TASK DESCRIPTION -
Make an exact copy of the listing underneath, skipping each picture.

DATA SHOWN -
================
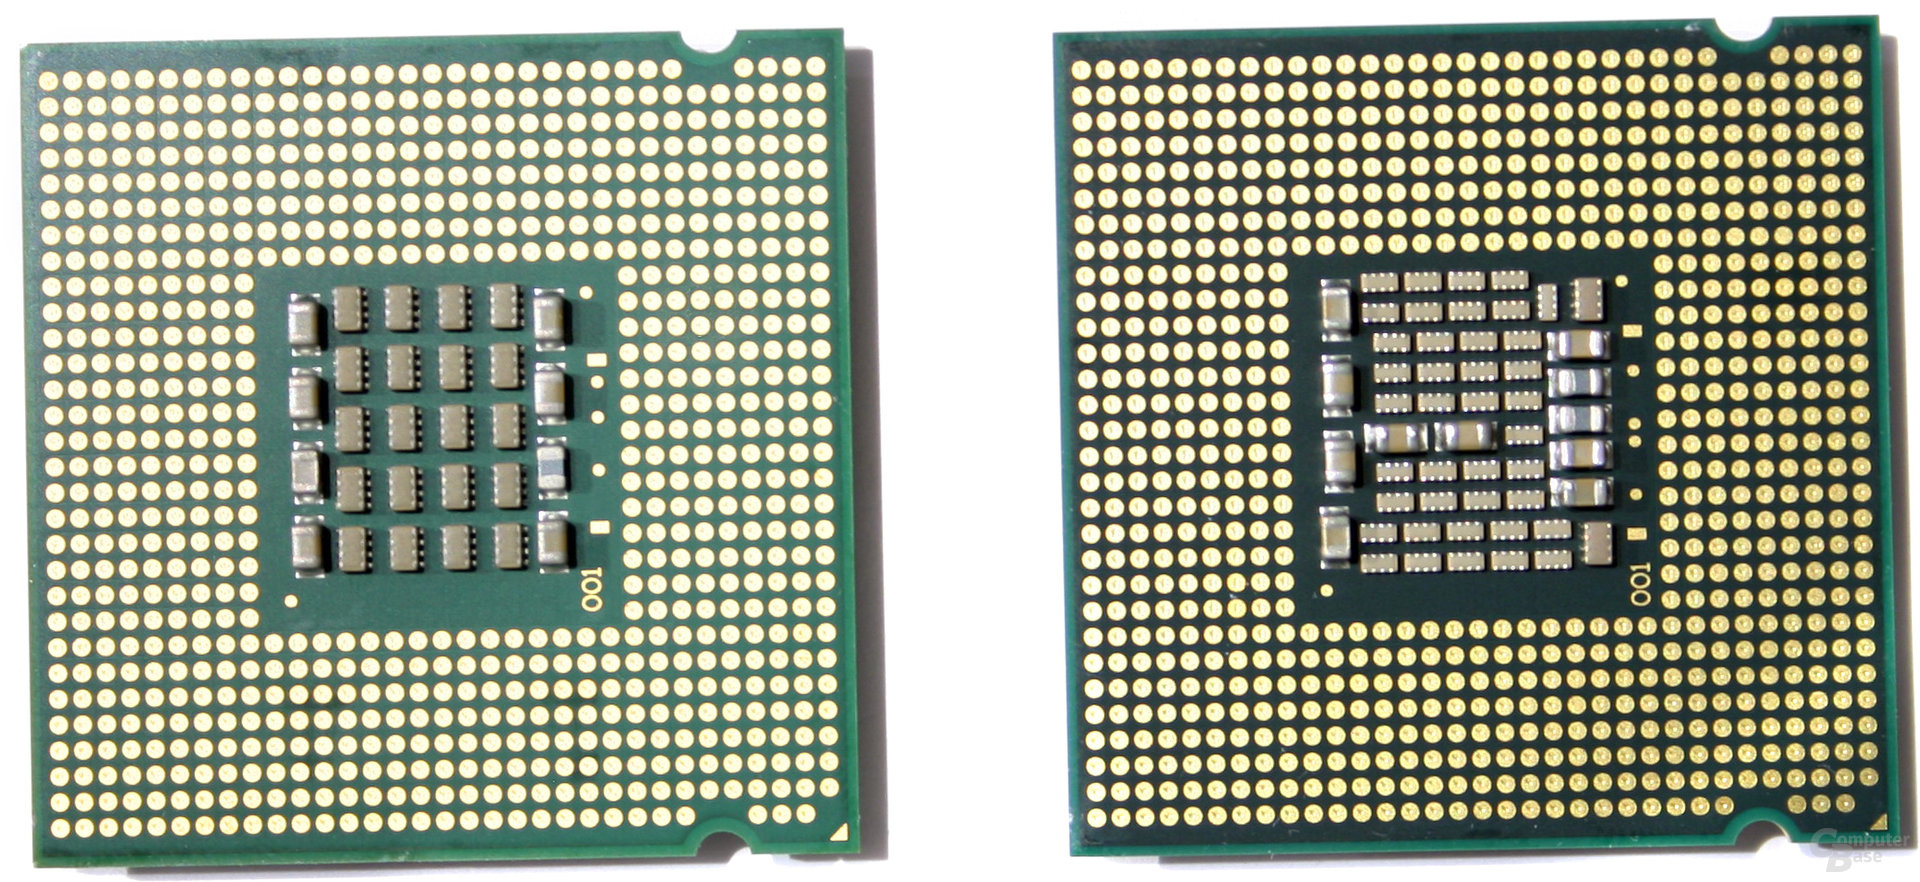 Pentium XE 840 (links) und XE 955 (rechts)
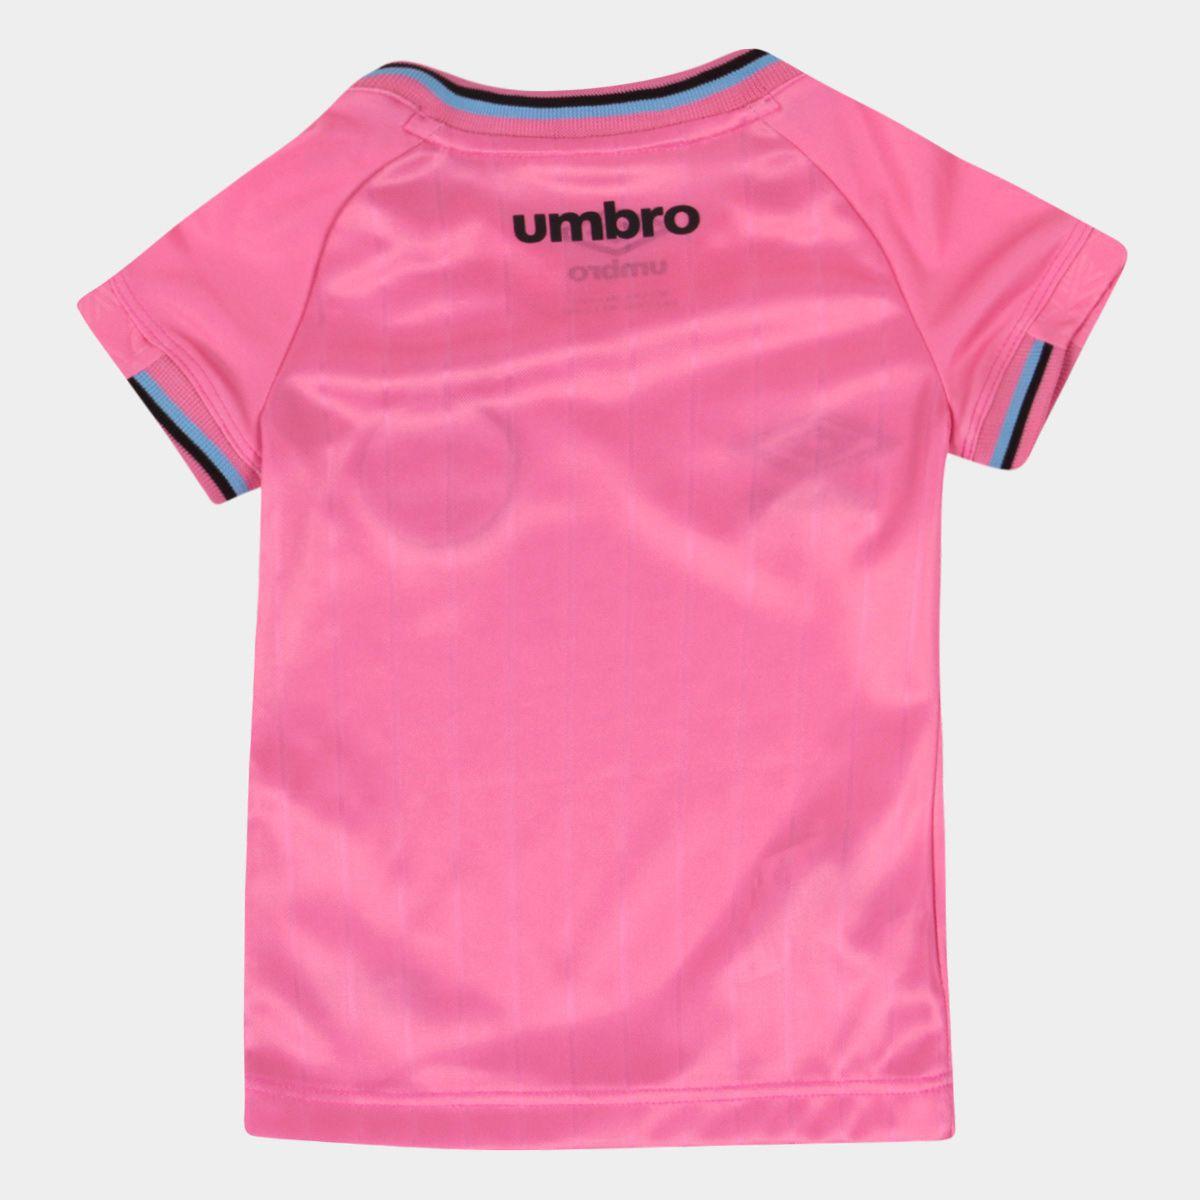 Camiseta Umbro Grêmio Outubro Rosa 2018 Feminina Juvenil
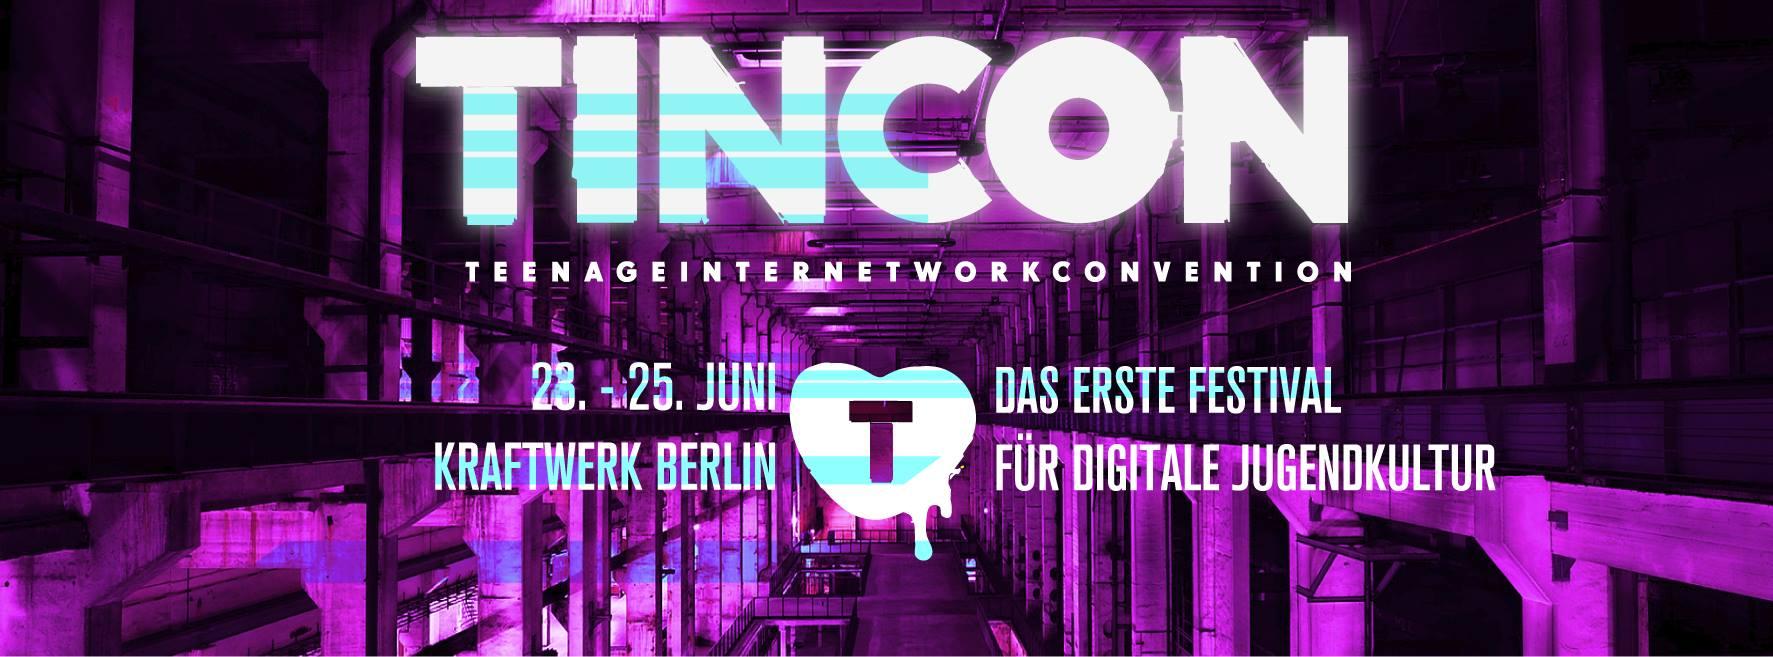 TINCON – teenageinternetwork convention 2017
================
TASK RESPONSE -
 Pentium XE 840 (links) und XE 955 (rechts)
 Camiseta Umbro Grêmio Outubro Rosa 2018 Feminina Juvenil
 TINCON – teenageinternetwork convention 2017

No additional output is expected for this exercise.